= What you are asked to do =
Everything from the line with "E-R Diagram for" to the last line of the listing must be retyped exactly, both ends included, with the pictures dropped.
---- Data
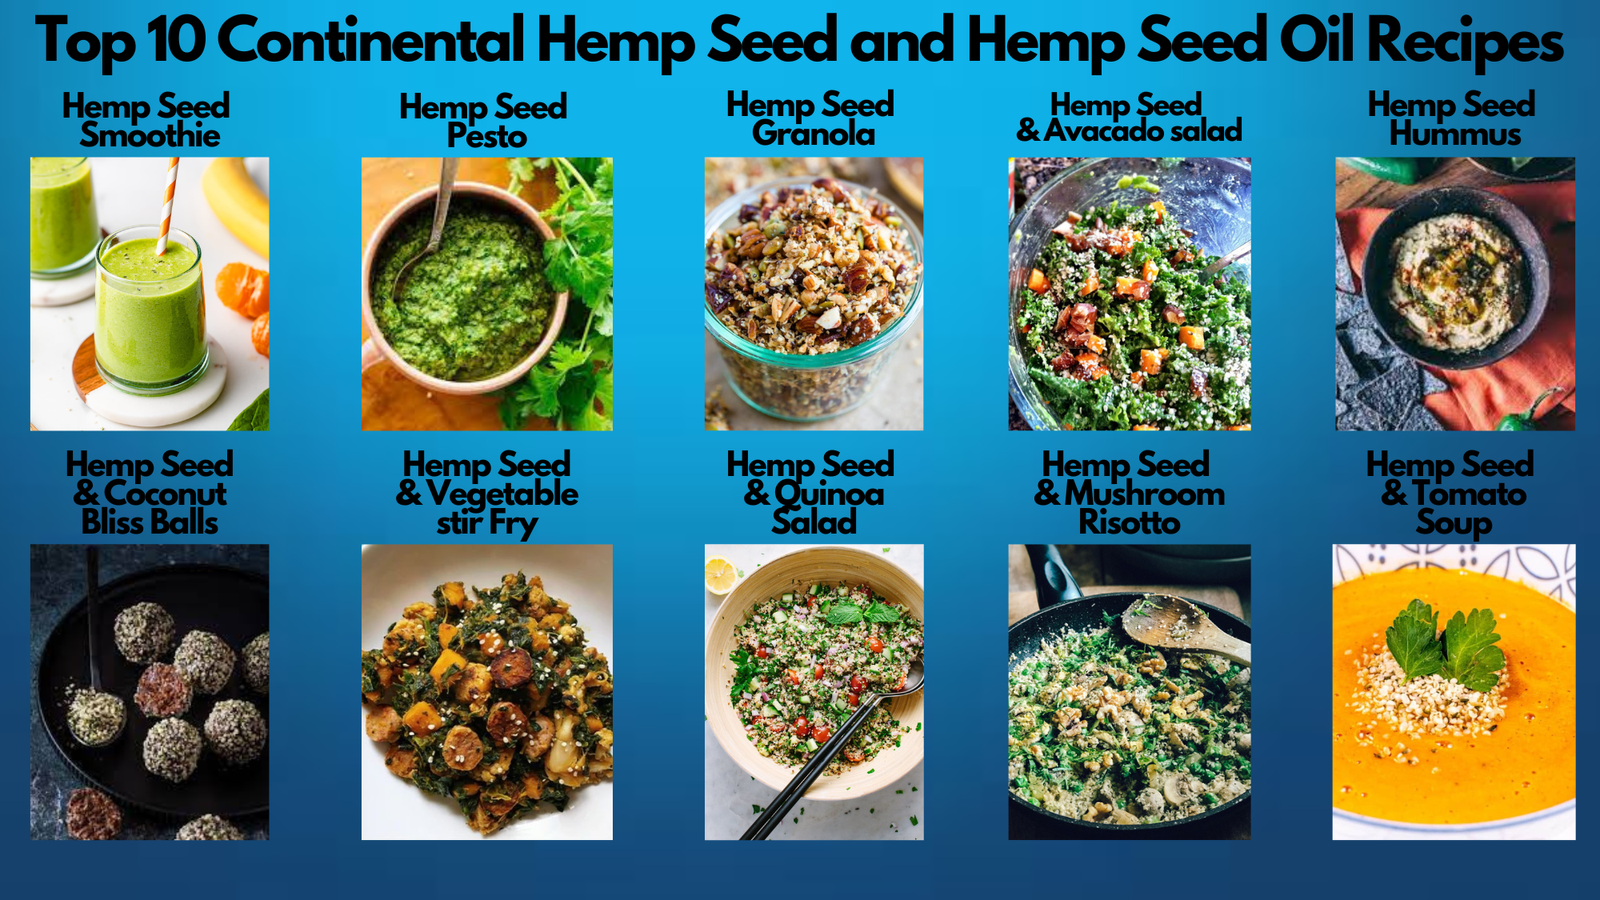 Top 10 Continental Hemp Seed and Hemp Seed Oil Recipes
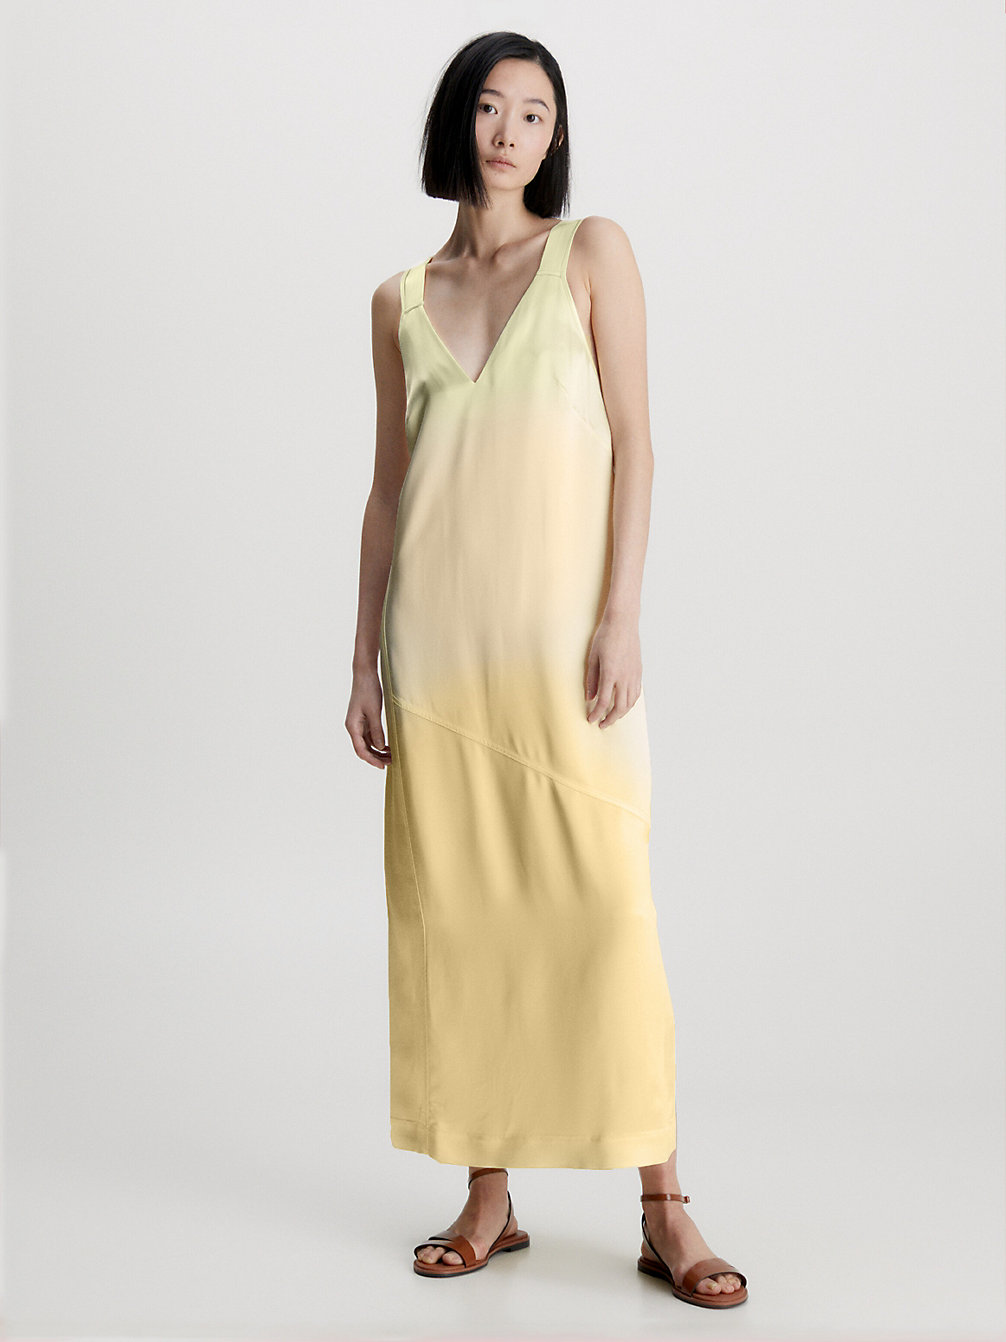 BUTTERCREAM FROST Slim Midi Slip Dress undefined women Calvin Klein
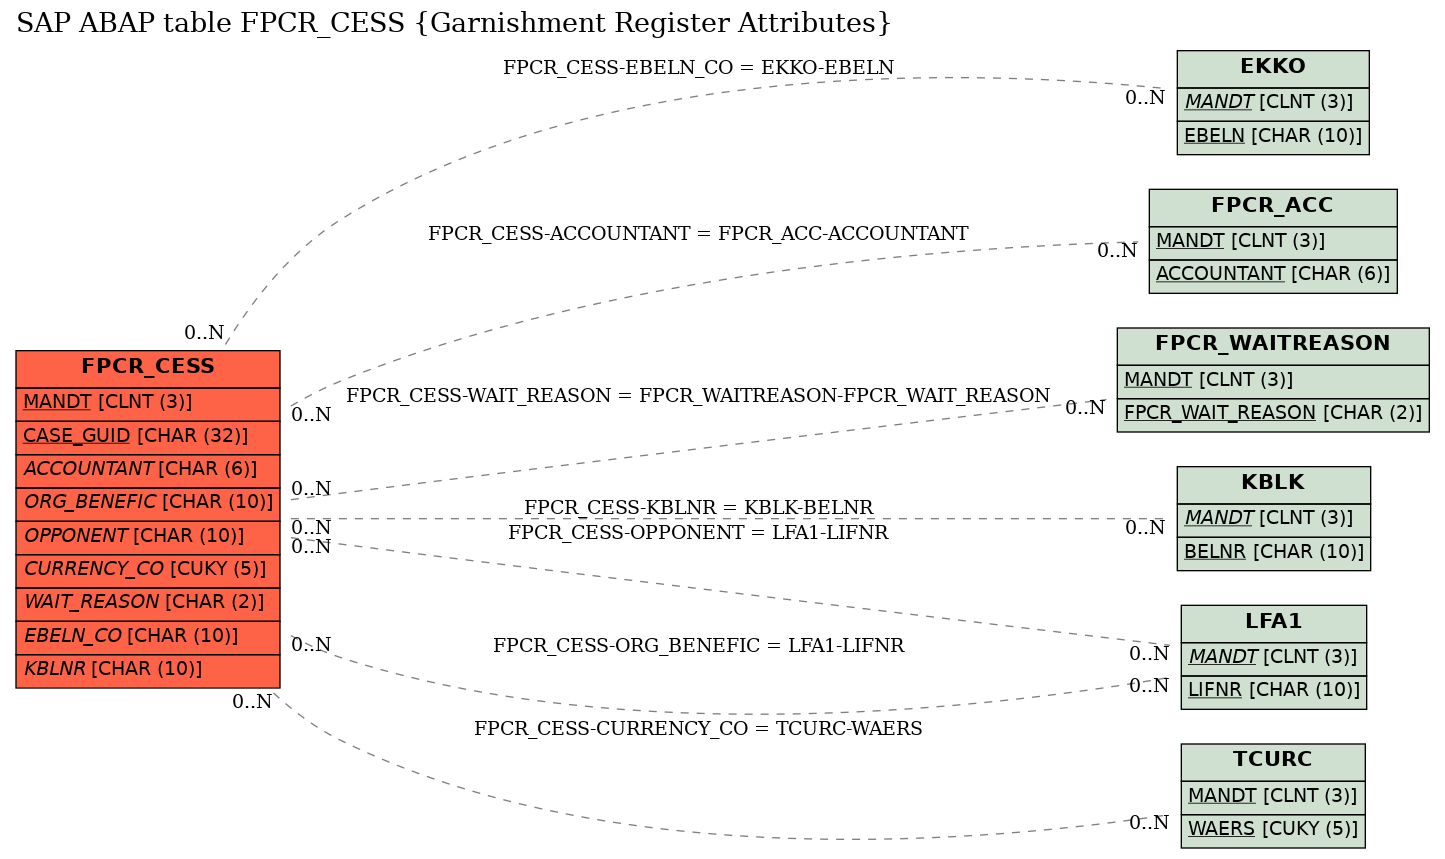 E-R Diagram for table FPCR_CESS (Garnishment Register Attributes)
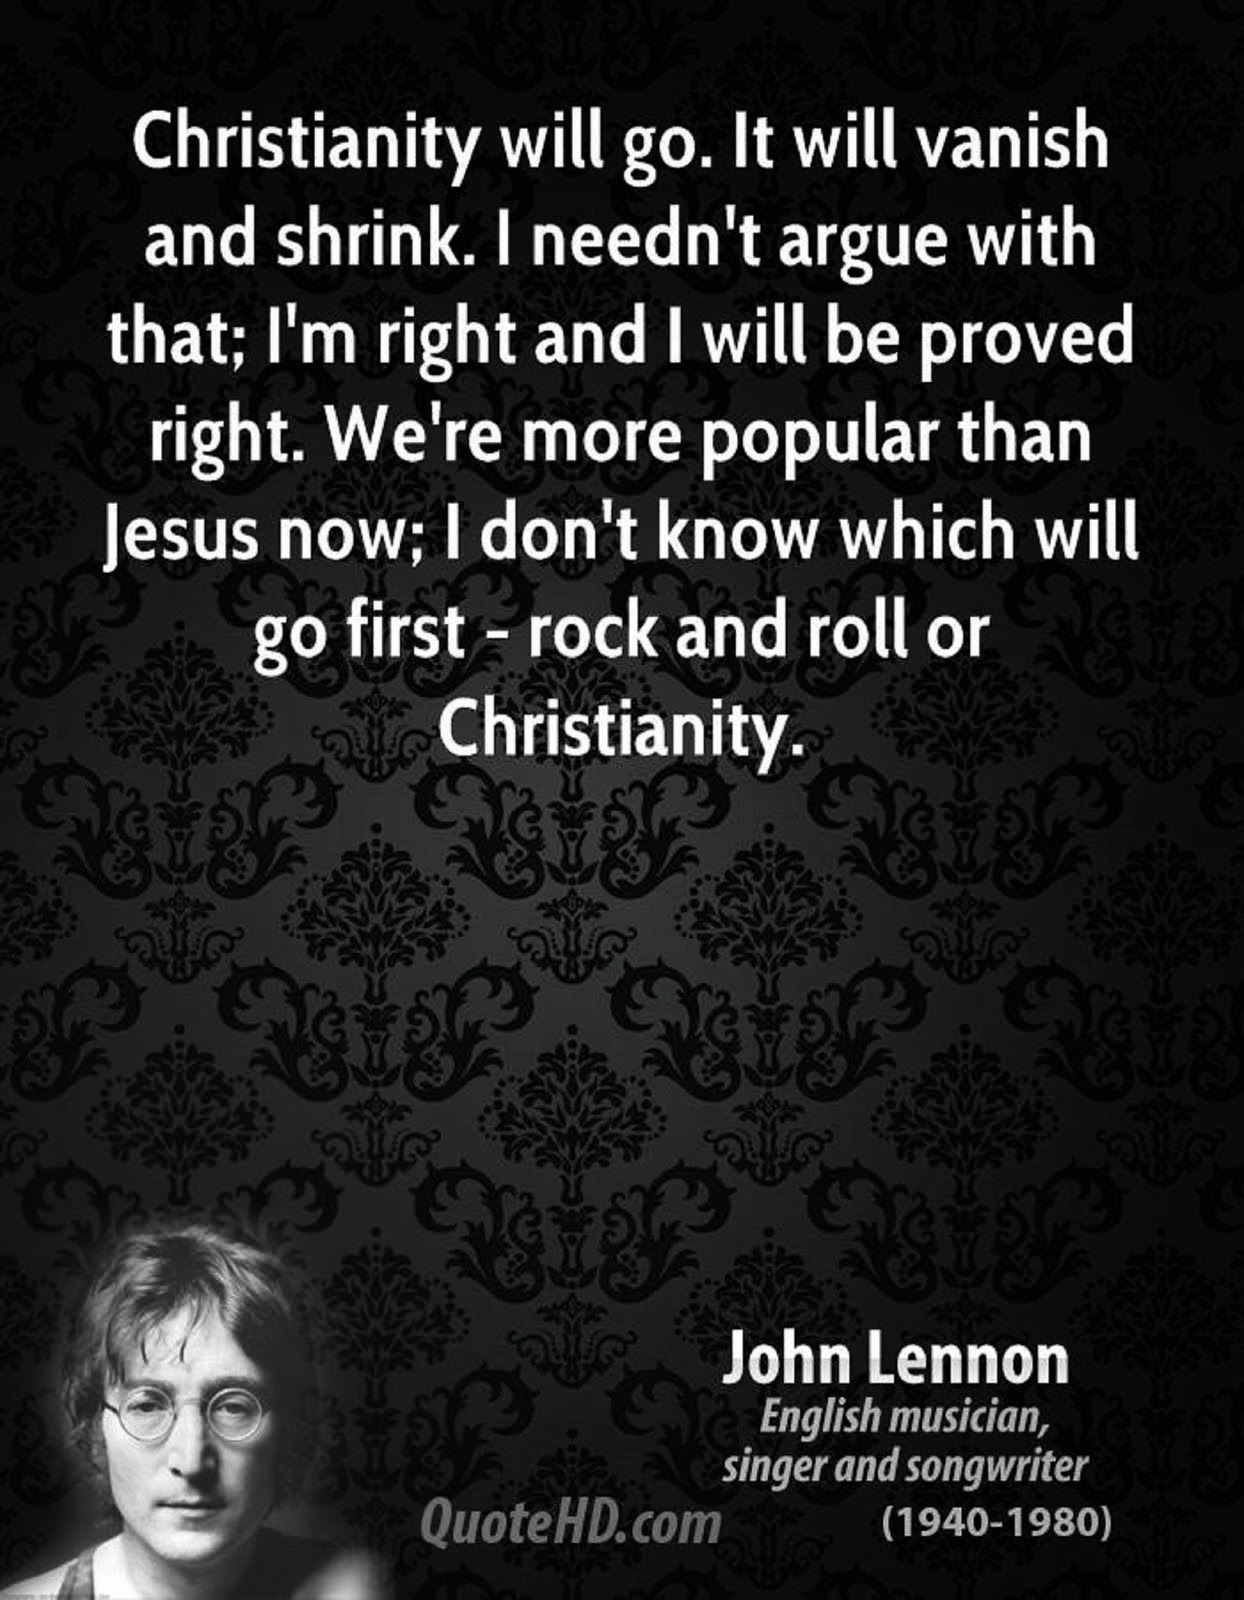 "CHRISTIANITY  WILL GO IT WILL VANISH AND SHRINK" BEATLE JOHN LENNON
--------
= Your solution =
 E-R Diagram for table FPCR_CESS (Garnishment Register Attributes)
 "CHRISTIANITY  WILL GO IT WILL VANISH AND SHRINK" BEATLE JOHN LENNON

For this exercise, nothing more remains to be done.